• Instructions to follow:
Please give again every entry exactly as it appears, setting aside the pictures.

* * * * *

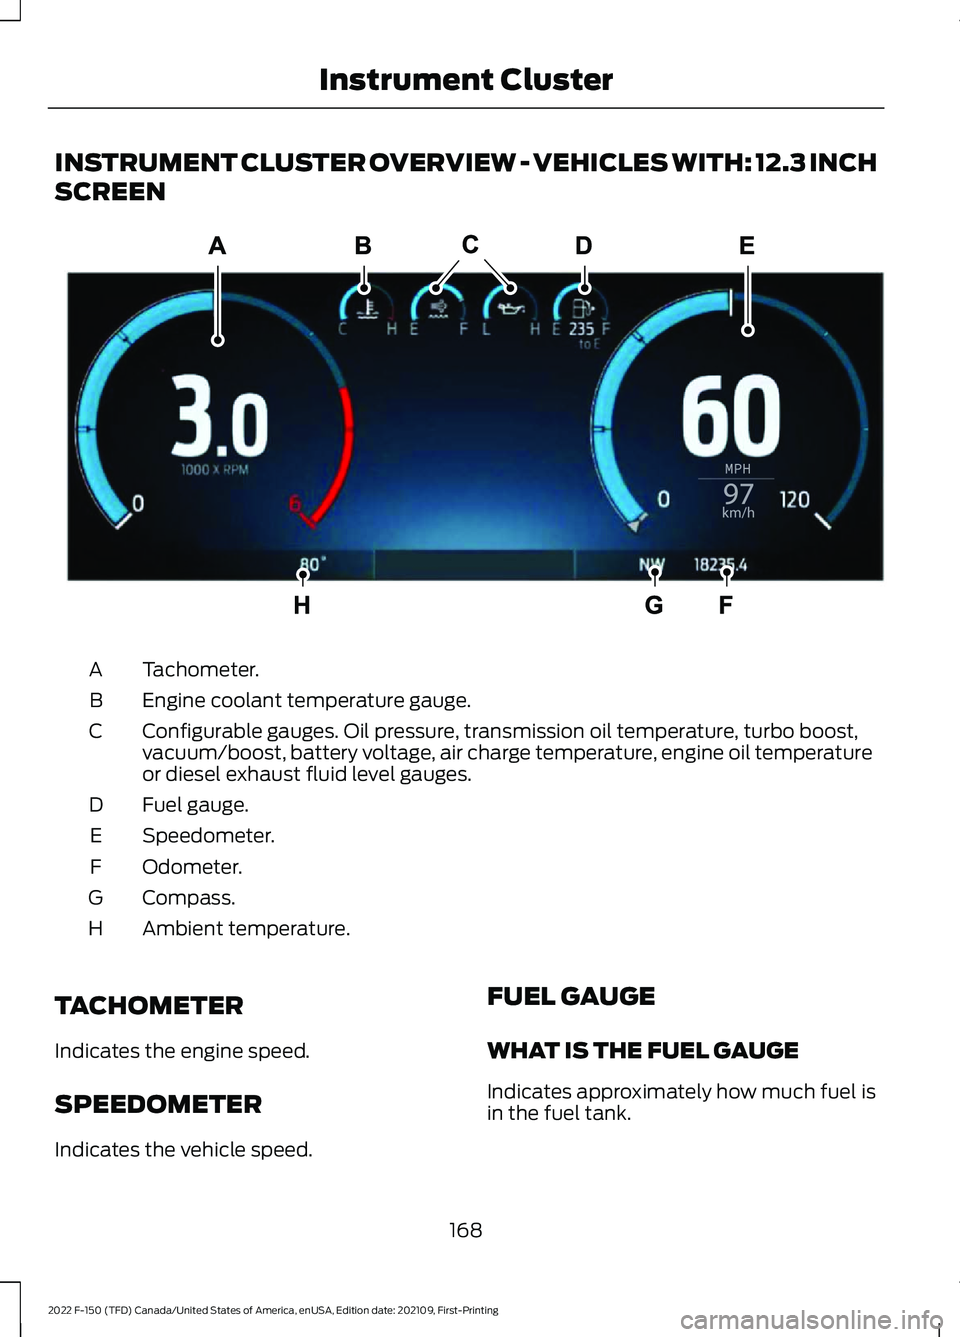 FORD F-150 2022 User Guide INSTRUMENT CLUSTER OVERVIEW - VEHICLES WITH: 12.3 INCH
SCREEN
Tachometer.
A
Engine coolant temperature gauge.
B
Configurable gauges. Oil pressure, transmission oil temperature, turbo boost,
vacuum/boo
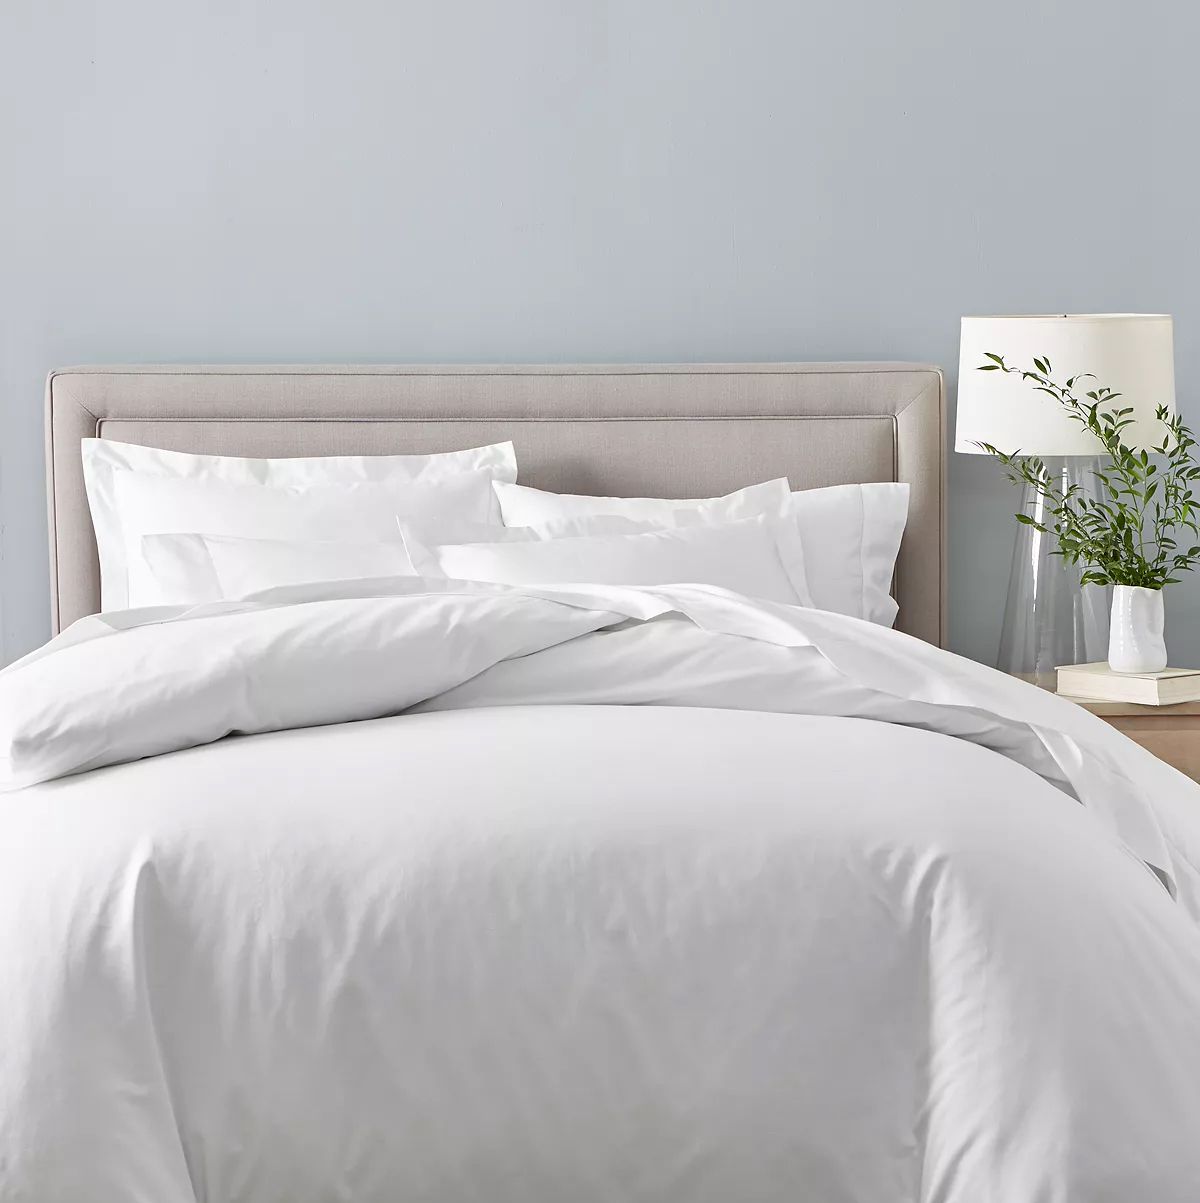 This Under-$50 Bedding Sale Is Too Great to Miss
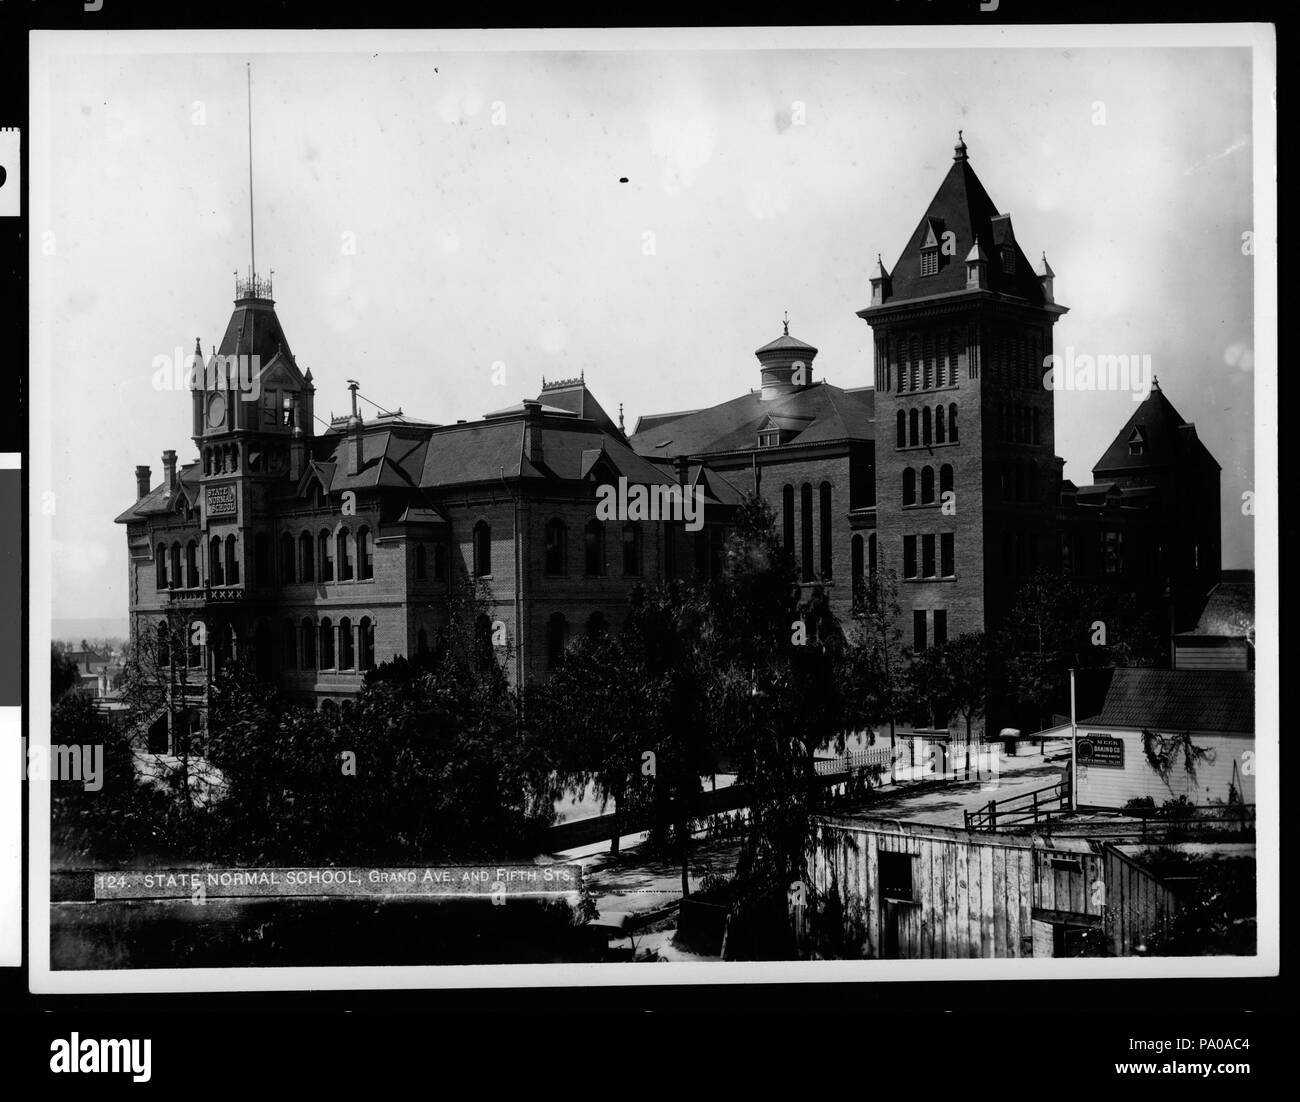 . English: Legacy record ID: chs-m4629; USC-1-1-1-4726 Title: Exterior view of California State Normal School, Grand Avenue and 5th Street, Los Angeles, ca.1900 Photographer: Pierce, C.C. (Charles C.), 1861-1946 Filename: CHS-124 Coverage date: circa 1900 Part of collection: California Historical Society Collection, 1860-1960 Type: images Geographic subject (city or populated place): Los Angeles Repository name: USC Libraries Special Collections Description: Photograph of exterior view of California State Normal School, Grand Avenue and 5th Street, Los Angeles, ca.1900. The expansive three-sto Stock Photo
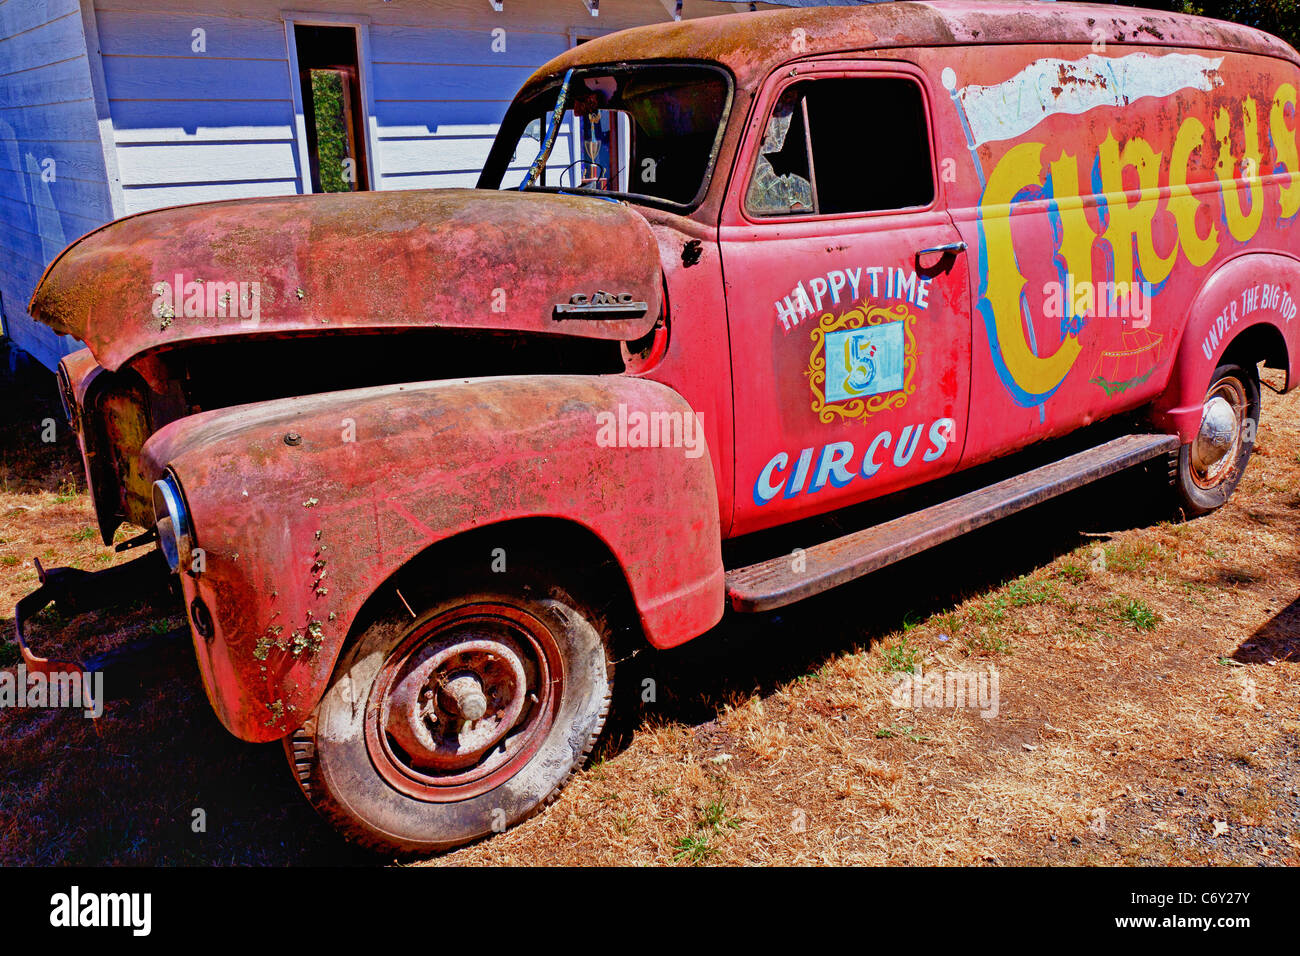 Happy Time Circus Truck, old and in disrepair Stock Photo
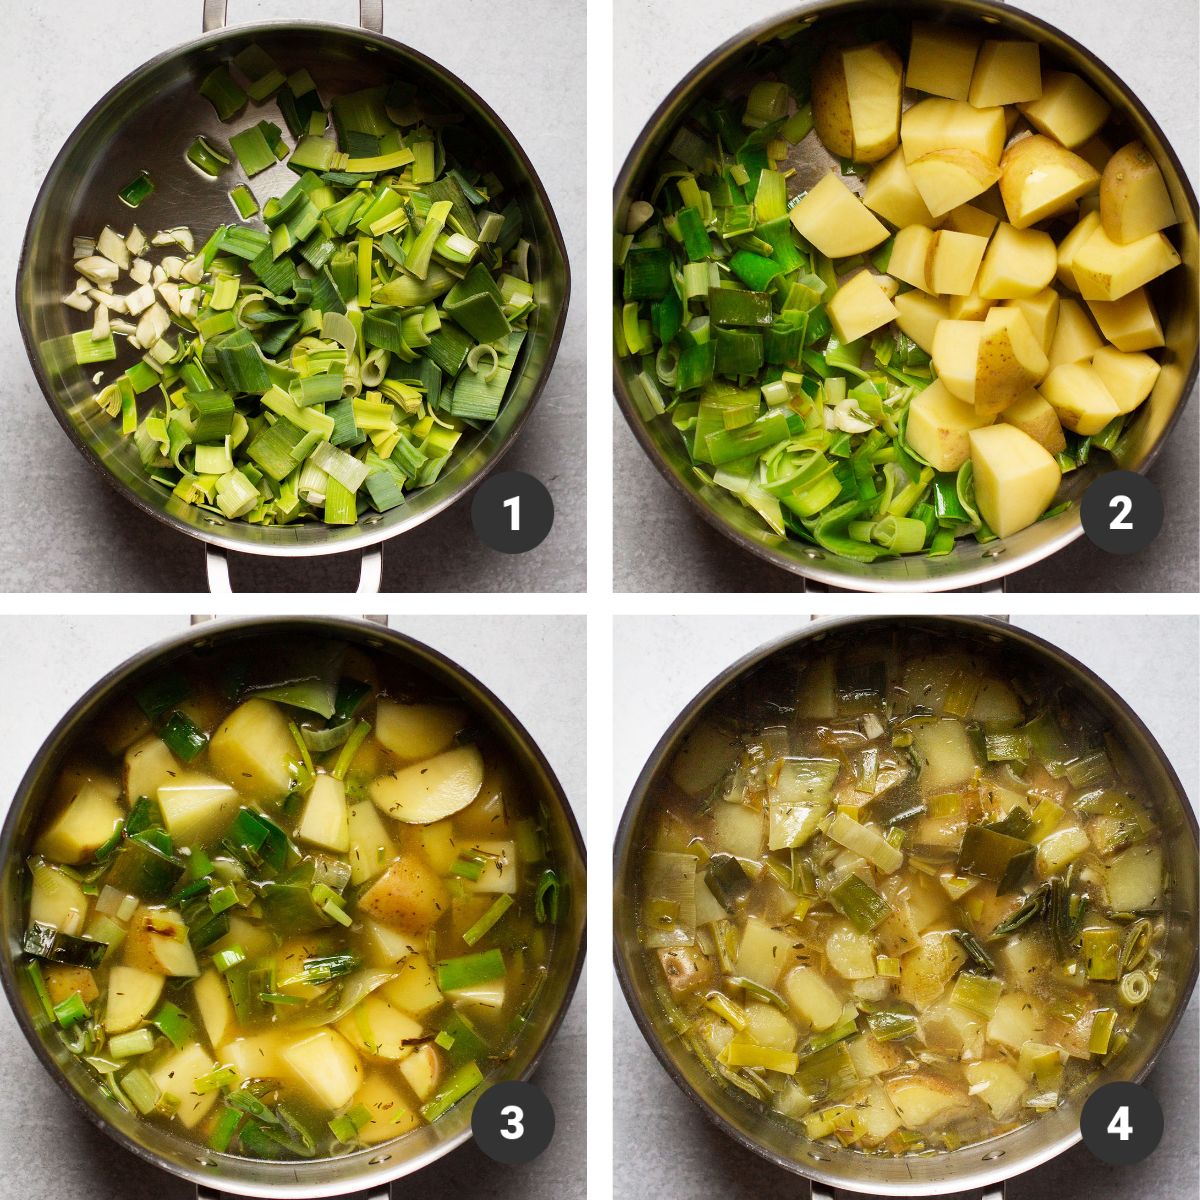 Cooking leeks and potatoes in a large pot with vegetable stock.
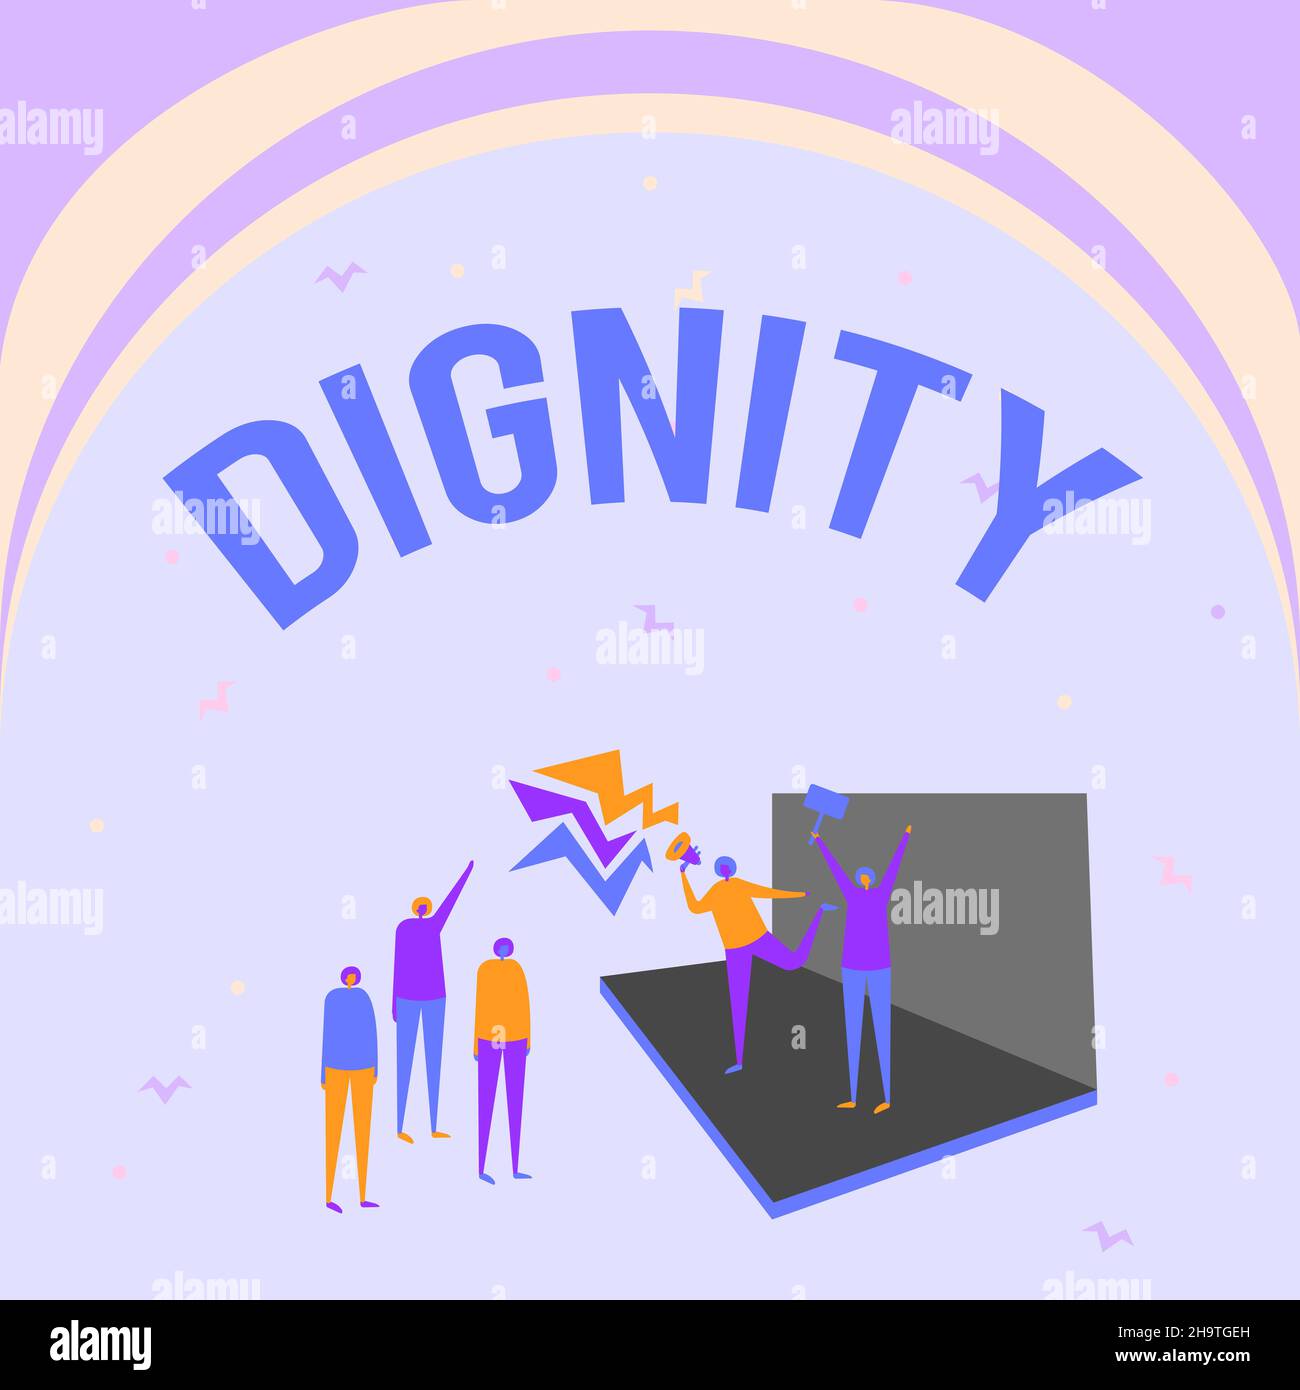 Meaning dignity

* * * * *

• The completed task:
 FORD F-150 2022 User Guide INSTRUMENT CLUSTER OVERVIEW - VEHICLES WITH: 12.3 INCH
SCREEN
Tachometer.
A
Engine coolant temperature gauge.
B
Configurable gauges. Oil pressure, transmission oil temperature, turbo boost,
vacuum/boo
 This Under-$50 Bedding Sale Is Too Great to Miss
 . English: Legacy record ID: chs-m4629; USC-1-1-1-4726 Title: Exterior view of California State Normal School, Grand Avenue and 5th Street, Los Angeles, ca.1900 Photographer: Pierce, C.C. (Charles C.), 1861-1946 Filename: CHS-124 Coverage date: circa 1900 Part of collection: California Historical Society Collection, 1860-1960 Type: images Geographic subject (city or populated place): Los Angeles Repository name: USC Libraries Special Collections Description: Photograph of exterior view of California State Normal School, Grand Avenue and 5th Street, Los Angeles, ca.1900. The expansive three-sto Stock Photo
 Happy Time Circus Truck, old and in disrepair Stock Photo
 Cooking leeks and potatoes in a large pot with vegetable stock.
 Meaning dignity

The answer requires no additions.